Pipedrive's philosophy is "sales-first simplicity." It was built by salespeople for salespeople, and that shows: the pipeline view is clear, deal management is fast, and the tool stays out of your way. For teams where the main complaint about Attio is that it's too flexible and not opinionated enough about sales workflows, Pipedrive is the antidote. See the best Pipedrive alternatives if you want to understand how it compares to the broader field.

It's a focused tool. Pipedrive does pipeline management, contact tracking, activity logging, and basic automation well. It doesn't try to be a marketing platform, and it doesn't try to be an operations hub. If your team's primary job is closing deals and they want a CRM that reinforces that focus, Pipedrive delivers.

The limitation comes when you need anything beyond the sales motion: marketing automation, customer success workflows, multi-channel communication, or deep reporting. Pipedrive has add-ons for some of this, but they feel bolted on rather than native. Teams that outgrow it usually do so when they realize they need more than a sales CRM. Pipedrive's pricing is competitive at entry level but climbs once you need advanced features.

What you get What you don't
Best-in-class pipeline UI Native marketing automation
Strong deal and activity tracking Multi-channel inbox
Good email integration and templates Advanced custom reporting
Reliable automation for sales sequences Company-wide operational workflows
Affordable entry pricing Deep API customization

Pricing: From $14/user/month (Essential). Advanced features at $34 and $49 tiers.

Best for: Sales teams of 5-100 people that want a focused, fast, opinionated pipeline tool without bloat.

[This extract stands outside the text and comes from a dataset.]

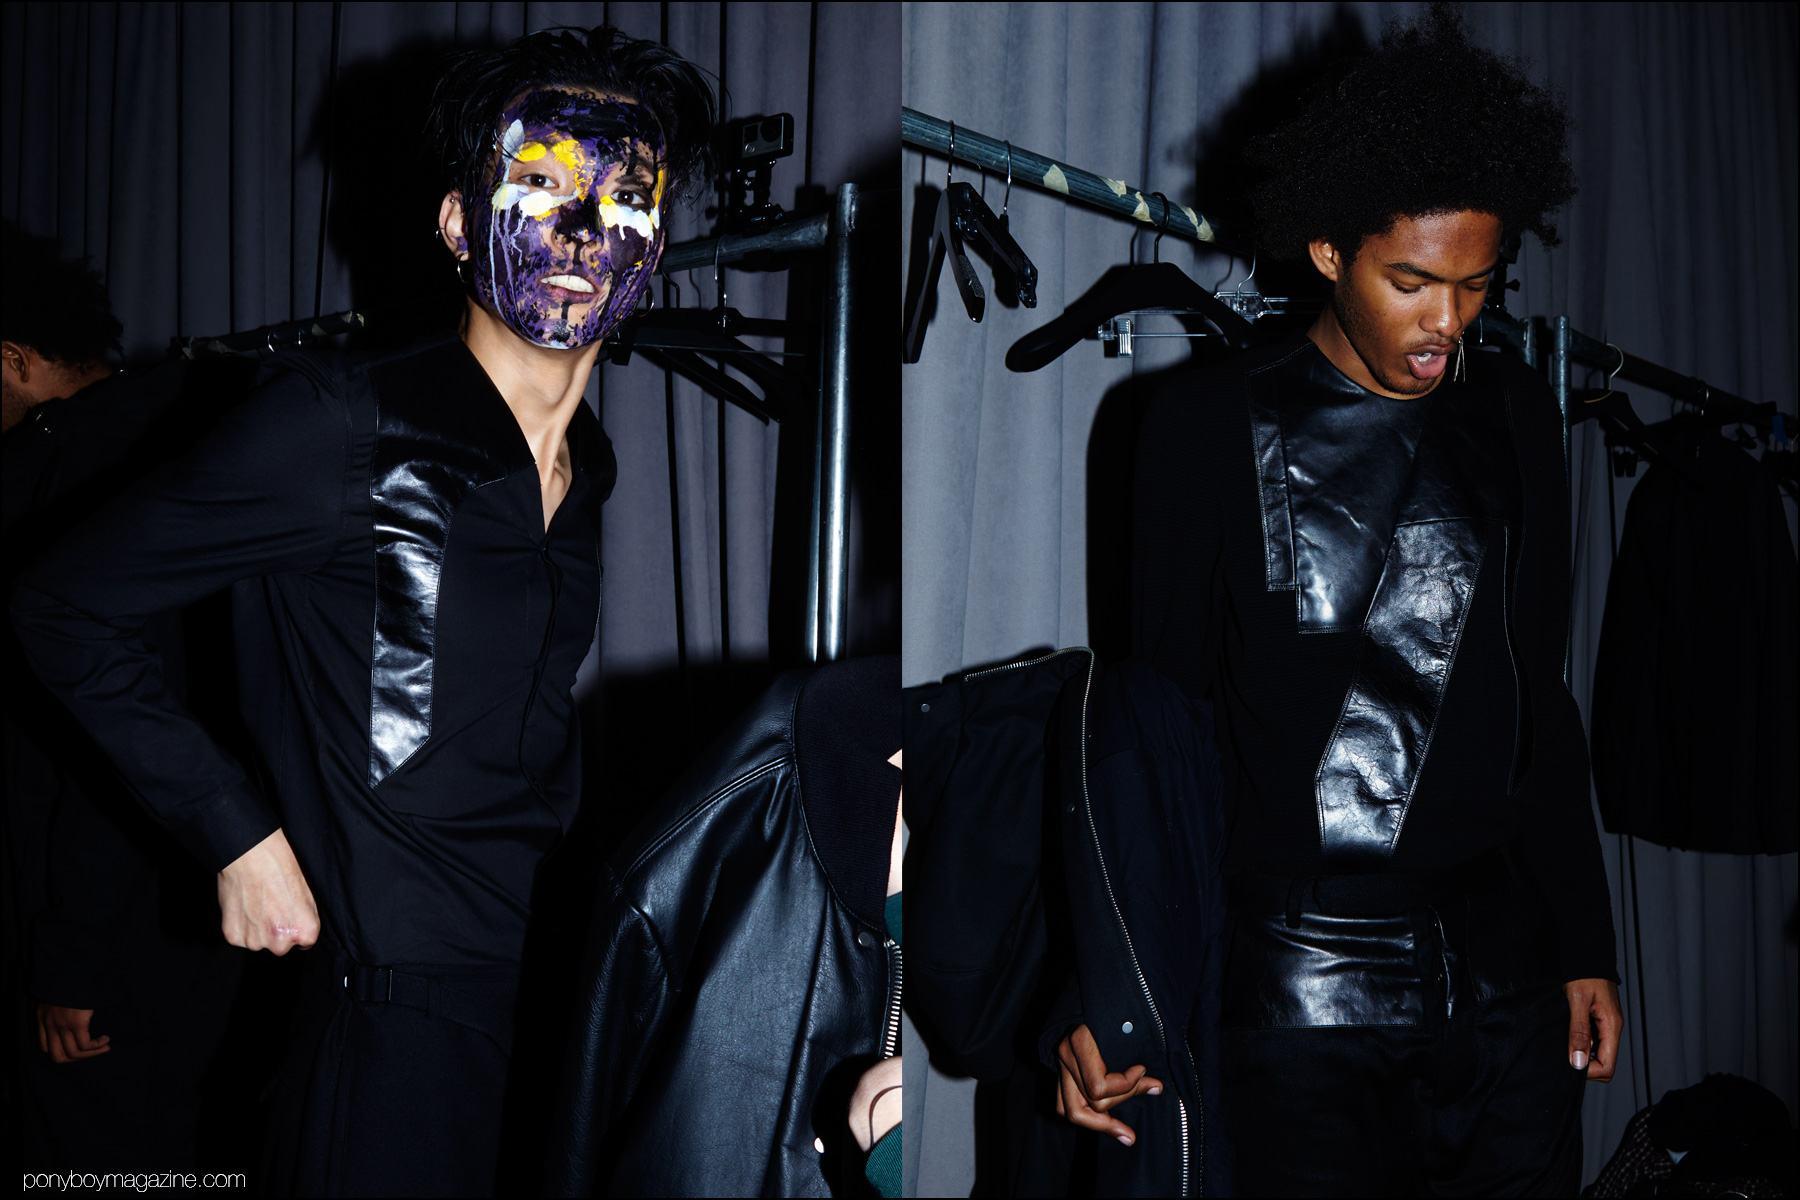 Model Brandon Bailey photographed backstage at Siki Im + Den Im F/W16 menswear show. Photography by Alexander Thompson for Ponyboy magazine NY.
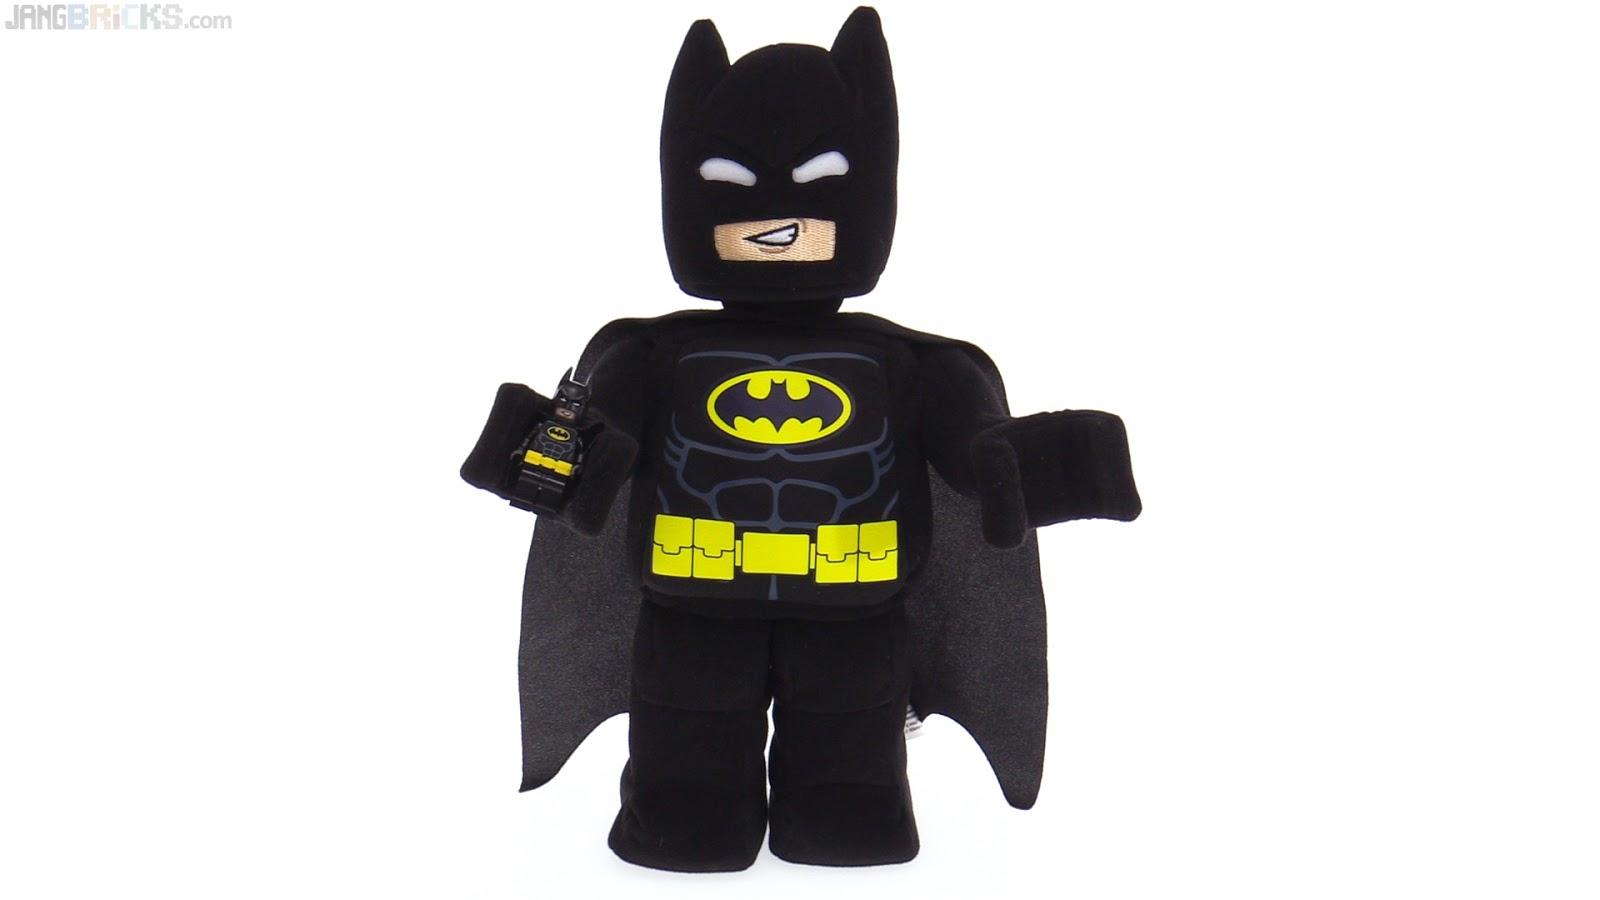 Lego Batman Toys : Lego batman minifigure plush toy review

5. Close — Best for inside sales teams running high-volume outreach

Close is a CRM built specifically for inside sales: high-volume calling, email sequences, and SMS from a single interface. If your sales motion involves a lot of outbound activity and your reps are spending hours on the phone, Close's built-in calling and dialer are genuinely powerful in ways that most CRMs (including Attio) don't attempt to match. For a broader look at the inside sales tool market, the best Close alternatives article covers the adjacent options.

The product's philosophy is that a CRM should remove friction from rep activity, not add it. Every feature points at getting more conversations started: automatic call logging, built-in power dialer, voicemail drop, SMS sequences, and email automation are all first-class features, not integrations. If you're building out qualification criteria alongside your outreach cadence, Qualification Frameworks: BANT, MEDDIC, GPCT is a practical companion.

Teams considering Close are usually coming from Attio because Attio's activity tracking, while solid for relationship data, doesn't optimize for the volume-and-cadence workflow that inside sales runs on. Close optimizes specifically for that. The trade-off is that it's not a cross-team platform. Marketing and customer success won't find their workflows here.

What you get What you don't
Built-in calling, SMS, and voicemail drop Marketing automation
Powerful email sequences for outbound Multi-team or company-wide workflows
Activity-first CRM designed for reps Custom object modeling
Strong pipeline and reporting for sales Affordable entry pricing
Fast implementation for sales teams Service or support workflows

Pricing: From $49/user/month (Startup). Higher tiers at $99 and $139/user/month.

Best for: Inside sales teams of 5-50 doing high-volume outreach where calling and sequencing are the primary workflow.


6. Copper — Best for teams whose work lives inside Google Workspace

Copper's methodology is integration-first: if your team runs on Gmail and Google Calendar, your CRM should live there too, not require a context switch. Copper sits inside Gmail, auto-captures contact data from your emails, syncs meetings and tasks directly to your Google Calendar, and surfaces relationship context right in your inbox. See Copper's pricing page for current plan details. And if you want to understand how Copper stacks up against alternatives, the best Copper alternatives article covers the Google-native CRM space.

For Attio users who want something simpler and don't need custom objects (just a clean CRM that works with how they already operate), Copper is worth a look. The frictionless data capture is its superpower: contacts, emails, and activities are logged automatically, so CRM hygiene stops being a discipline problem.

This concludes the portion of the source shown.